We highly recommend that you track macronutrients so you can fit items like peanut butter in your diet and still lose weight! You can use Peanut Butter Powder instead of actual Peanut Butter. For Example, PB Fit powder has 1.5 grams of Fat, 4 grams of Carbs, and 6 grams of Protein.
Rice Cakes with peanut or almond butter can really help with sugar or dessert cravings. They're relatively inexpensive and can be found at almost all grocery stores. Rice cakes are a perfect snack to eat at work, school, or whenever you have a sugar craving.
This is something we use rarely but it still gets the job done as effectively as the other options on our list. Soup is a great filling item because it's water based and has a significant amount of vegetables in it.
We tend to stick with chicken noodle soup from Progresso or something with low carbs.
Progresso’s chicken noodle soup has 12 grams of carbs, 2.5 grams of fat, and 7 grams of protein in each serving so it's a great low calorie option.
One important thing to stay away from are high fat options such as clam chowder or high carb options.
These options can add on calories very quickly from the fat and carbs, even though they taste good. Campbell's Tomato Soup has about 23 grams of carbs per serving so we only recommend something like that if you measure each serving.
Many people might question this item but Hummus is a good source for fat and carbs. Hummus is a Mediterranean item that's made from chickpeas, and mixed with olive oil, lemon juice, garlic, salt, and tahini.
The only drawback with Hummus is that it has a bit more fat than we'd like.
Kirkland brand Hummus has 10 grams of carbs, 12 grams of fat, and 4 grams of protein in one serving, which is 140 calories.

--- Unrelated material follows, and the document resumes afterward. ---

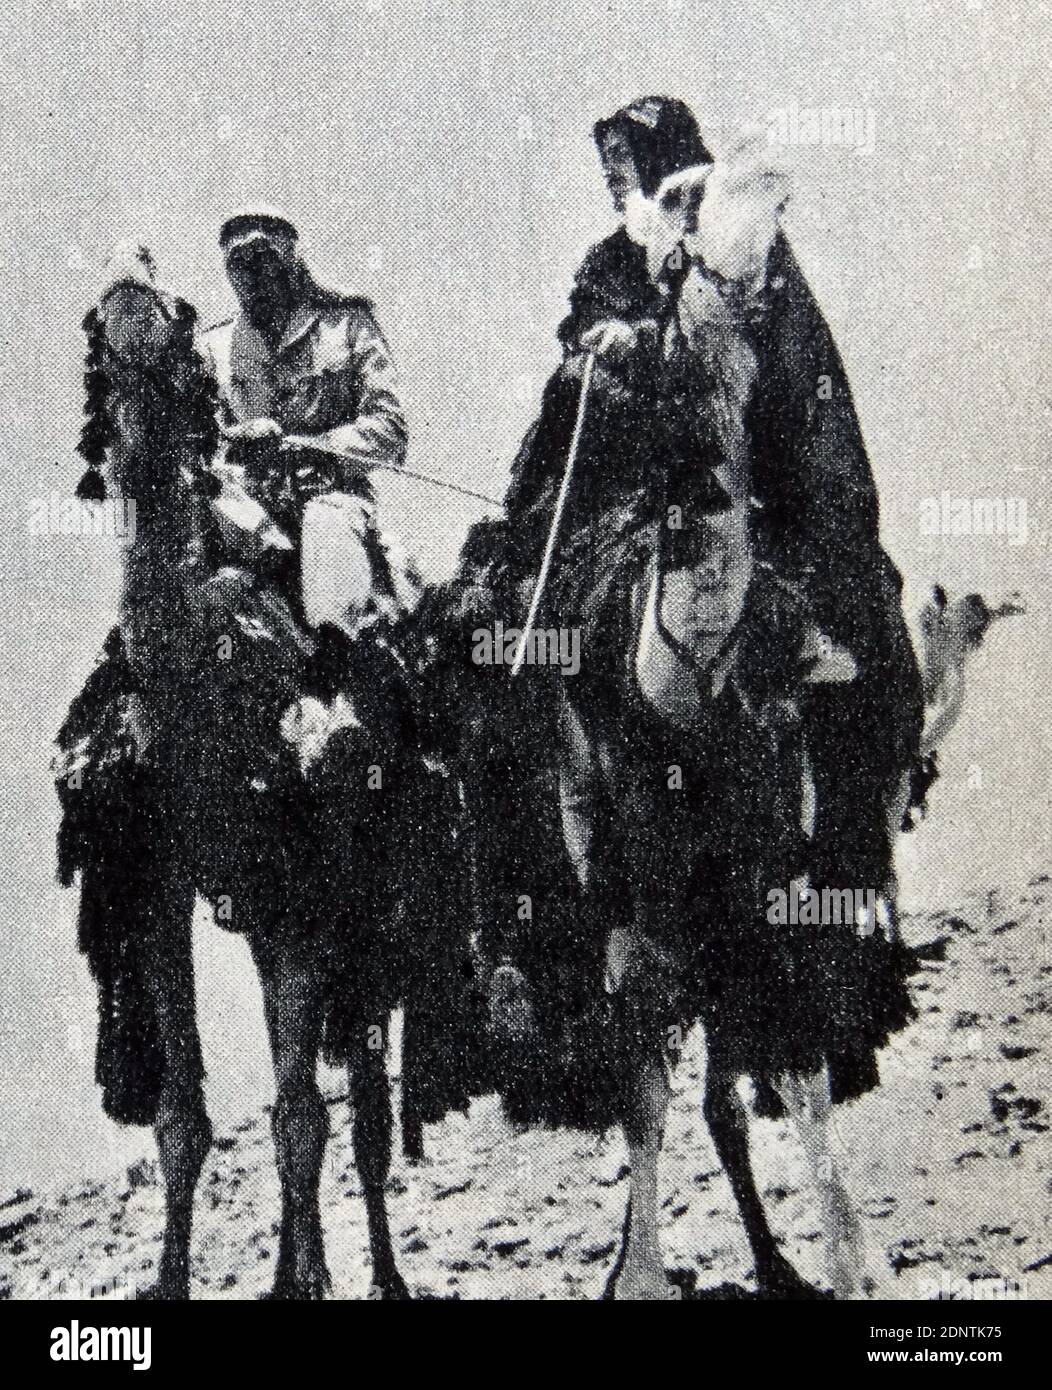 Filmstill von Peter O'Toole (1932-2013) und Alec Guinness (1914-2000) aus 'Lawrence von Arabien'. Stockfoto
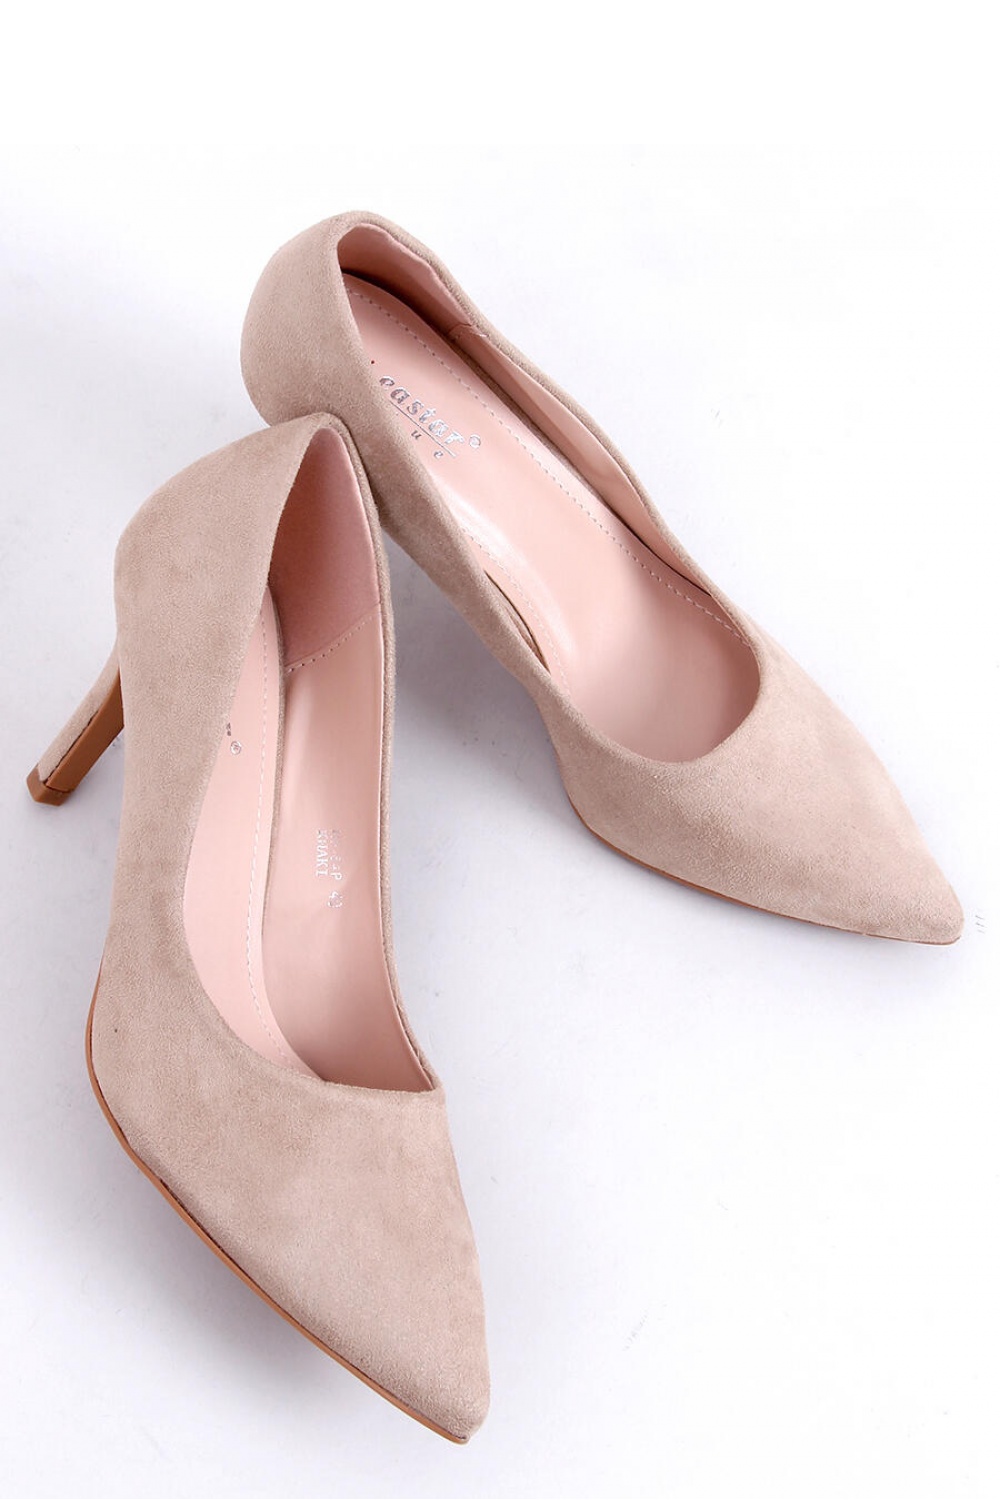  High heels model 172831 Inello  beige

So you should use a food scale to measure each serving or you'll eat too much!
Hummus is very good to eat as a dip with some Wheat Thins or even as spread on Low Carb bread in a sandwich! Costco has our favorite Spicy Avacado Hummus, which tastes like spicy guacamole, and Jalapeño Cilantro Hummus.
10. Greek Yogurt
Here's another great item to curb sugar and dessert cravings! Greek Yogurt is a strained version of Yogurt that has a thicker consistency than unstrained Yogurt, and also retains the distinctive sour taste.
Greek Yogurt has 0 grams of fat, around 17-19 grams of carbs, and 12 grams of protein in an entire container.
We're talking about the small fruit-flavored Chobani Greek Yogurt. The macronutrients also change depending on which flavor you pick.
Chobani Greek Yogurt with fruit at the bottom such as strawberry, peach, blueberry, mango, etc. You can mix it up and freeze them to make a fruity Yogurt popsicle! These are perfect because they're macro-friendly and rather inexpensive.